Estaba entre malolientes desperdicios, él que acostumbraba a disfrutar del dulce olor a caramelo. Su posición no era del todo mala, tenía la posibilidad de ver el cielo, y de vez en cuando, sentir la suave brisa apoderarse de todo su cuerpo que le provocaba esas descontroladas ansias de buscar un destino mejor.

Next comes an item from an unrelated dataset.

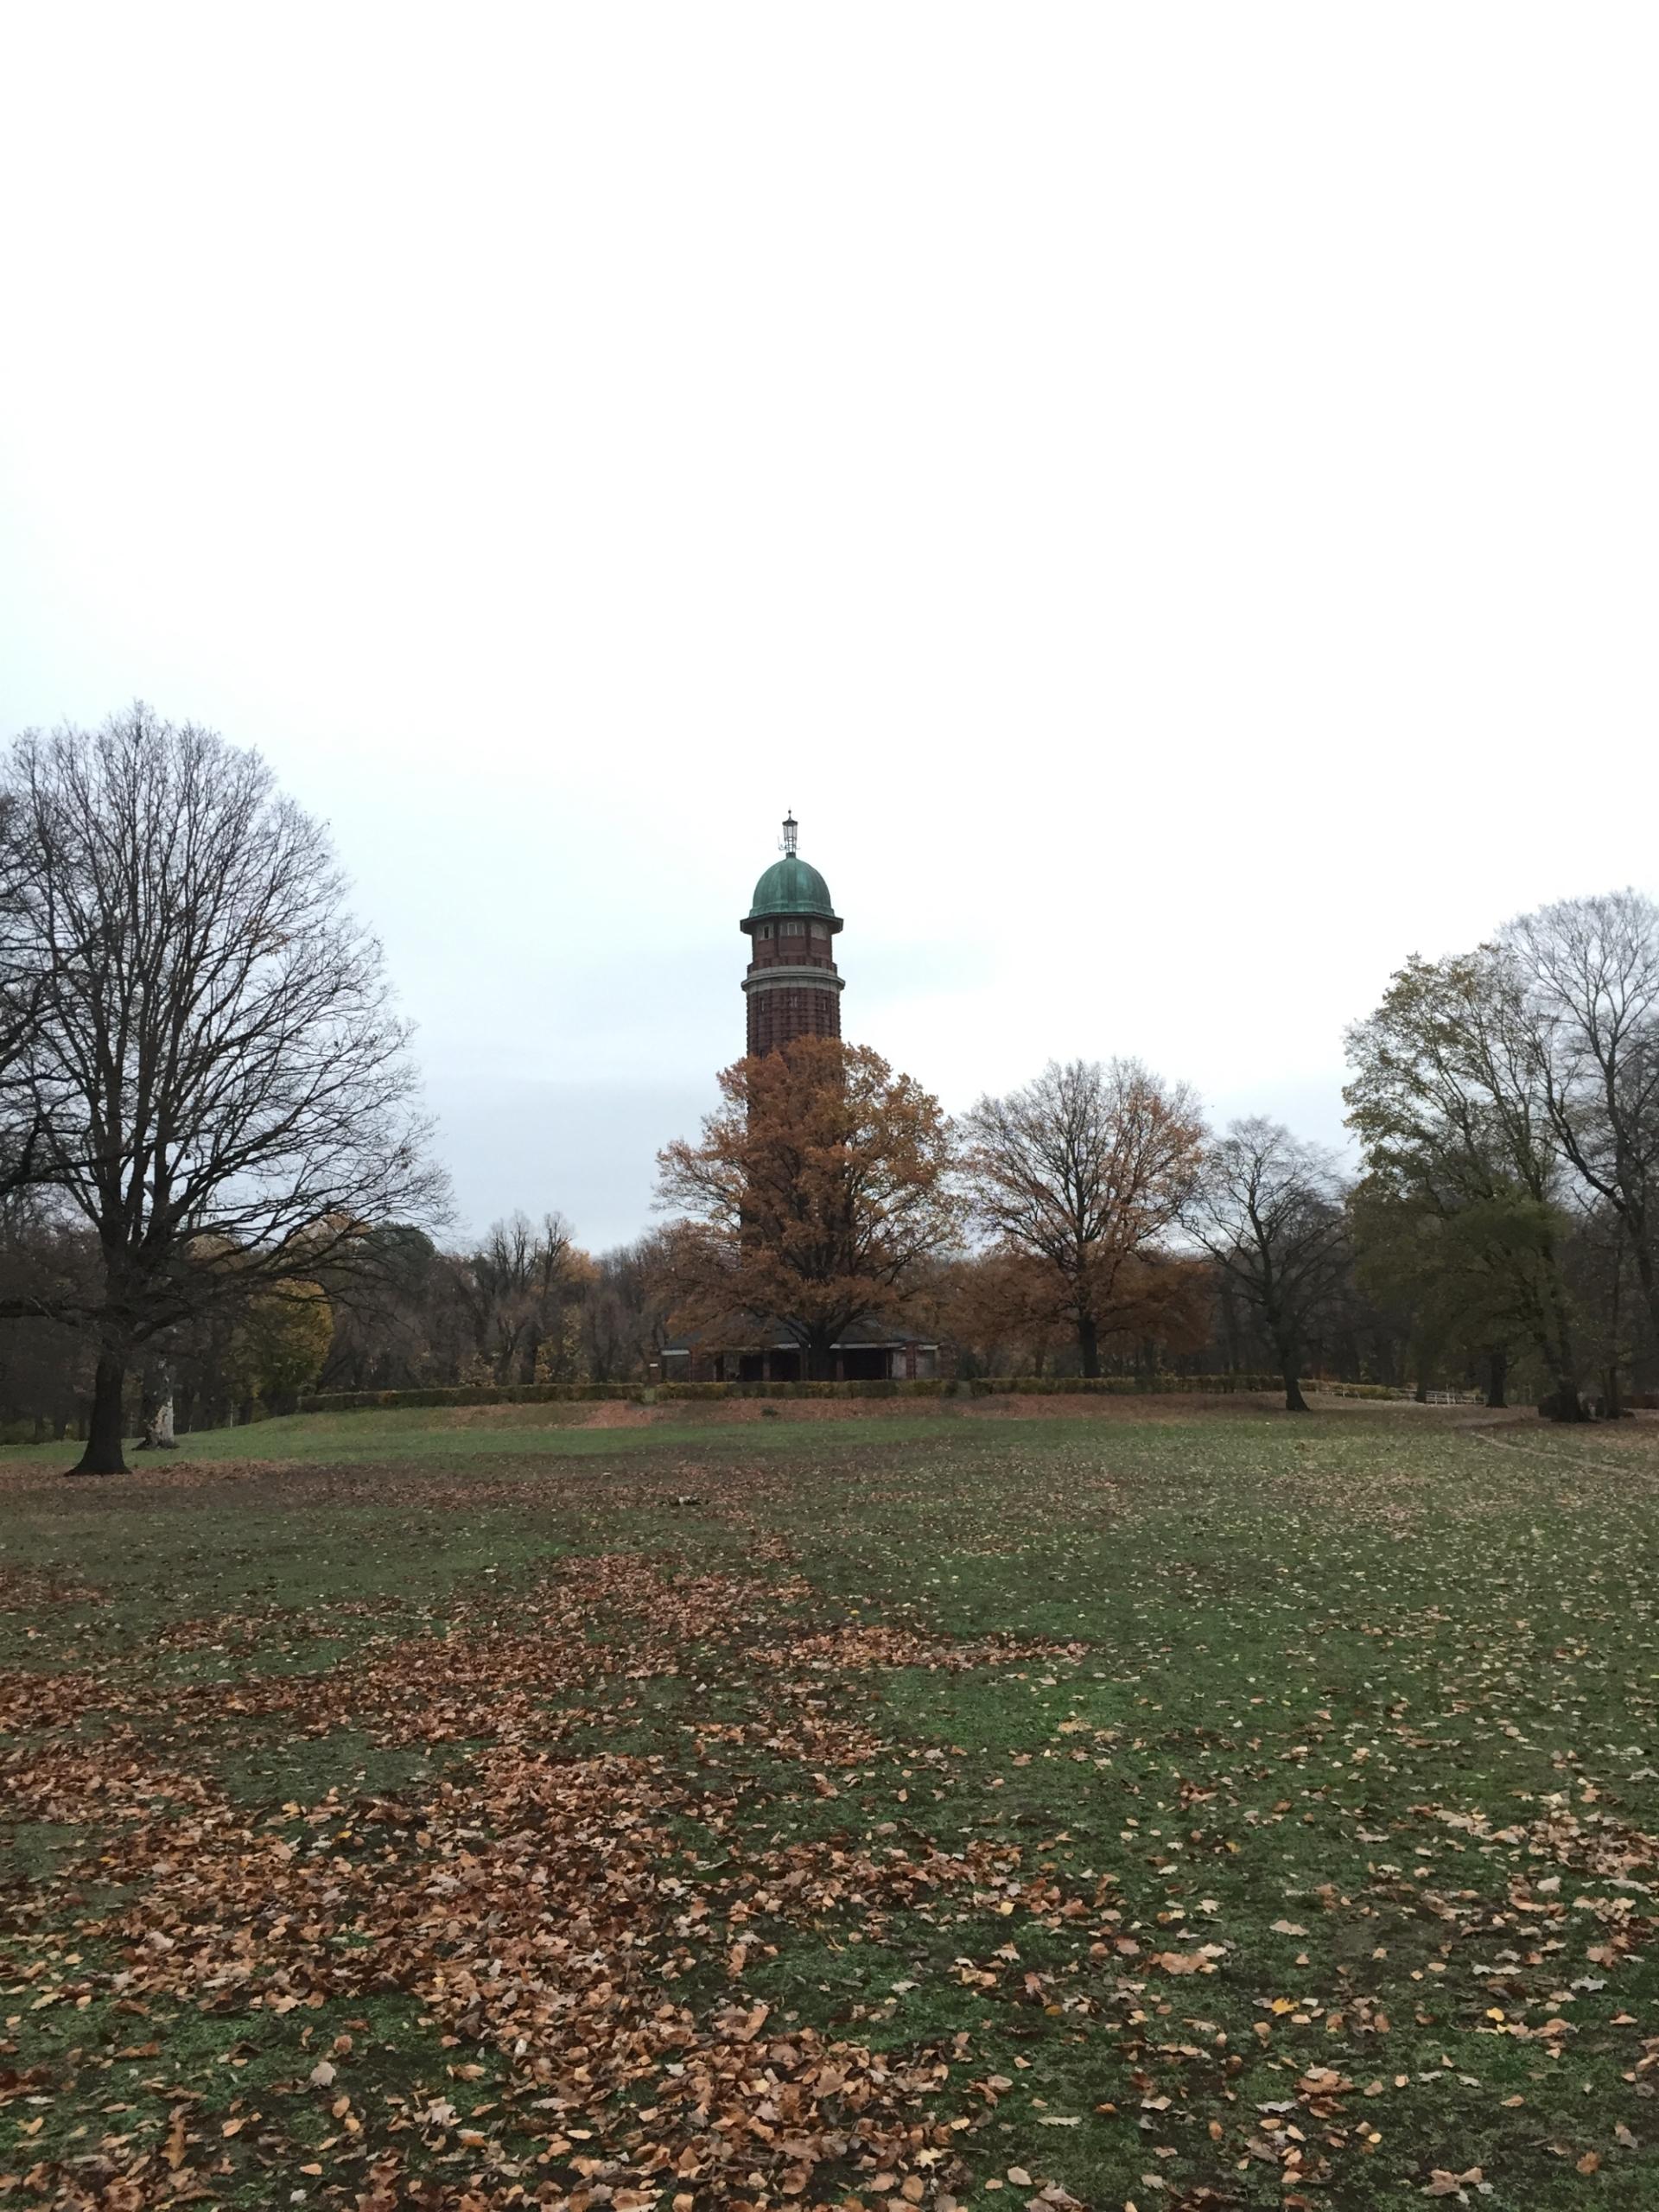 Ein Turm im Jungfernheidepark in Berlin, aufgenommen mit dem iPhone 6.

En días grises, desde su privilegiada posición, advertía la decepcionante vida de quienes estaban muy por debajo de él, obligados a seguir un destino mal trazado. Sentía una profunda tristeza de ver que no había nada que hacer por ellos. Le consolaba pensar, que la inconsciencia a la realidad de aquellos, era el mejor narcótico para soportar conforme la vida que llevaban con una alegría amarga. En cambio para él resonaba una nueva melodía, cada vez que miraba el cielo y sentía la brisa alborotar su voluntad. Sentía un impaciente cosquilleo, una mezcla ansiosa de libertad y temor de aventurarse hacia lo desconocido, hacia un destino prometedor que otros ni siquiera podían imaginar.
Y así sucedió, cierta mañana aprovechando la brisa se dejó elevar confiado. Tomó suficiente altura para no sentirse parte del todo, con la esperanza puesta en un destino ajeno a ese que lo ataba a la maloliente realidad. Surcó el cielo intentando comprender todo lo que pasaba rápidamente por sus sentidos, ansioso de verse ya, en el maravilloso destino que lo estaba esperando. A fin de cuentas, él sabía lo que era el olor a caramelo, nunca se acostumbraría a la pestilencia de la realidad que le había tocado, por mucho que estuviese en una posición de confort que muchos hubiesen deseado tener.
De un momento a otro, sintió que una enorme fuerza de oscuridad lo envolvía completamente, triturando su frágil cuerpo, reduciéndolo a un tamaño insignificante, un tamaño que nunca imaginó poder llegar a tener. La brisa que lo había alzado, trasmuto a un vertiginoso y fuerte impulso que lo arrojaba de regreso desde donde segundos antes, se había desprendido. Desde lo alto se escuchó un estruendo inentendible: "Le colocaré la tapa a la basura. Se están volando todos los papeles de caramelo", que resonaba como una sentencia condenatoria, por haber osado intentar cambiar su destino o por su malagradecida aspiración de abandonar su privilegiada posición. Mientras se estrellaba en contra de la realidad que conocía, pensaba inocentemente que su destino había sido truncado por una poderosa fuerza, celosa de su ambición por un devenir mucho más prometedor, que lo liberase de servir a lo establecido y que iba mucho más allá de todas sus ilimitadas posibilidades.
El destino impuesto siempre cumple con una realidad establecida, para quienes tienen el privilegio de poder definirla. No hay consciencia respecto de la voluntad del otro, que es considerado obtusamente, solo una pieza más en la construcción individual de lo que deseamos sea nuestra realidad.